Iran has carried out a ballistic-missile attack against U.S. forces stationed in Iraq in retaliation for the killing last week of a prominent Iranian military commander. Iranian state television said Iran had fired 15 missiles at U.S. targets in Iraq early on January 8. The U.S. military said at least two Iraqi facilities hosting U.S.-led coalition personnel were targeted in the overnight attack. It is unclear if there have been any casualties.

Iran's Islamic Revolutionary Guards Corps (IRGC) claimed responsibility for the attacks, Iranian state television and state news agencies reported.

The IRGC said the attack was in retaliation for the killing of IRGC commander Qasem Soleimani, who died in a U.S. air strike last week in Baghdad.

The attack on the Ain Assad base, which hosts U.S. troops, was "a total success by all accounts," the IRGC said.

U.S. President Donald Trump tweeted shortly after the missile attacks: "All is well!" adding, "So far, so good" regarding casualties.

Trump said he would make a statement on January 8.

"We are aware of the reports of attacks on U.S. facilities in Iraq," the White House told reporters according to a media pool report. "The president [Donald Trump] has been briefed and is monitoring the situation closely and consulting with his national-security team."

Iranian state television claimed, without offering evidence, that the strikes killed "at least 80 terrorist U.S soldiers" and also damaged helicopters, drones, and other equipment at the Ain al-Asad air base in Anbar Province and the Harir air base in Irbil.

NATO chief Jens Stoltenberg condemned the attack and urged Tehran to hold back.

"I condemn the Iranian missile attacks on US and coalition forces in Iraq.

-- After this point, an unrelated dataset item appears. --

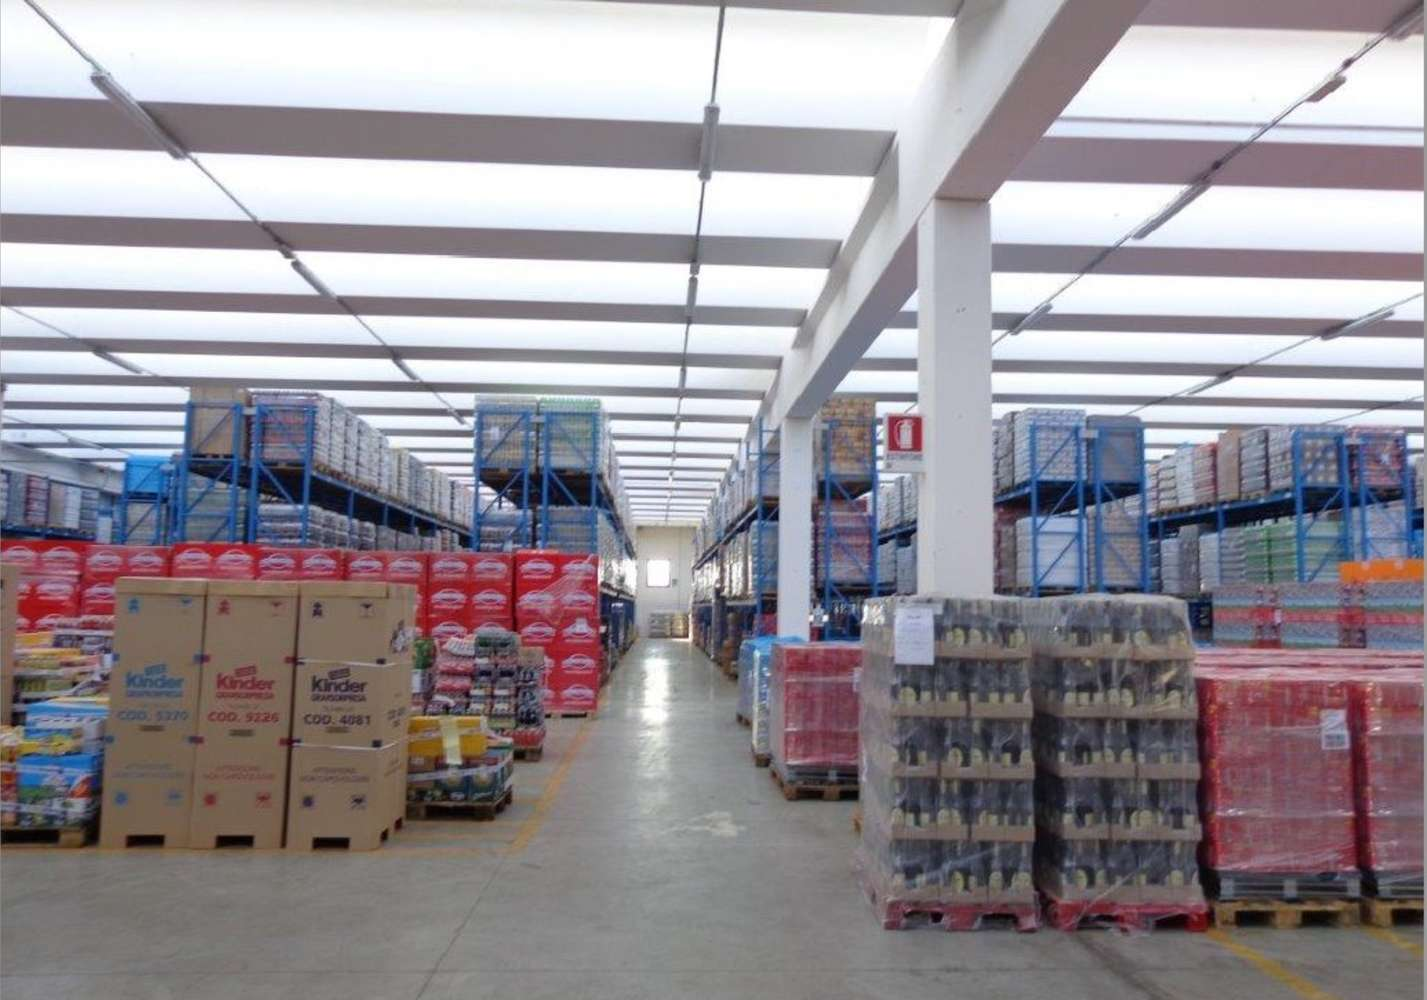 Magazzini industriali e logistici Mozzecane, 37060 - Mozzecane magazzini logistici - 10926882

NATO calls on Iran to refrain from further violence," Stoltenberg tweeted.

A NATO official said that there were no casualties among the personnel on the alliance's training mission in Iraq.

The Iraqi military said 22 missiles were fired.

"There were no victims among the Iraqi forces," the military said.

Iraqi Prime Minister Adel Abdul-Mahdi received a verbal message from Iran telling him a response to the U.S. killing of Soleimani was either imminent or under way, Abdul-Mahdi's spokesman said in a statement.

Tehran told Abdul-Mahdi it would only target locations where U.S. forces were present but did not specify the locations, his spokesman said.

The Iraqi prime minister simultaneously received a call from the United States while missiles were falling on the Ain al-Assad and Harir air bases, the spokesman said.

Iran's supreme leader, Ayatollah Ali Khamenei, said in a televised speech that the attack was "a slap in the face" delivered to the United States.

Iranian Defense Minister Amir Hatami told state television that should Washington retaliate, Iran would respond with "proportional" force.

"We used short-range missiles.... I hope this will be a memorable lesson for America," Hatami said.

"Iran's response [to any U.S. retaliation] will be proportional to what America will do," he said, adding that Trump "has turned the [U.S.] administration into a terrorist government."

Following the attack, several major airlines, including Air France and Germany's Lufthansa, said on January 8 that they were rerouting flights to avoid airspace over Iraq and Iran, while the Federal Aviation Administration banned U.S. carriers from the area.

The multiple attacks came hours after Soleimani was buried in his hometown on January 7.

Iran's military leaders and pro-Iranian factions in Iraq had vowed to avenge his death.

Professor Stephen David of Johns Hopkins University told Voice of America that while Iran's retaliation wasn't unexpected, it was surprising that Tehran chose to launch the attack from its own territory and use ballistic missiles -- a weapon substantially more powerful than a rocket.

"I think it was surprising that the attack was from Iran. It was not at all deniable," David said. "It was clear what the source of the attack was; the fact they use ballistic missiles also was a bit of a surprise, something of an escalation."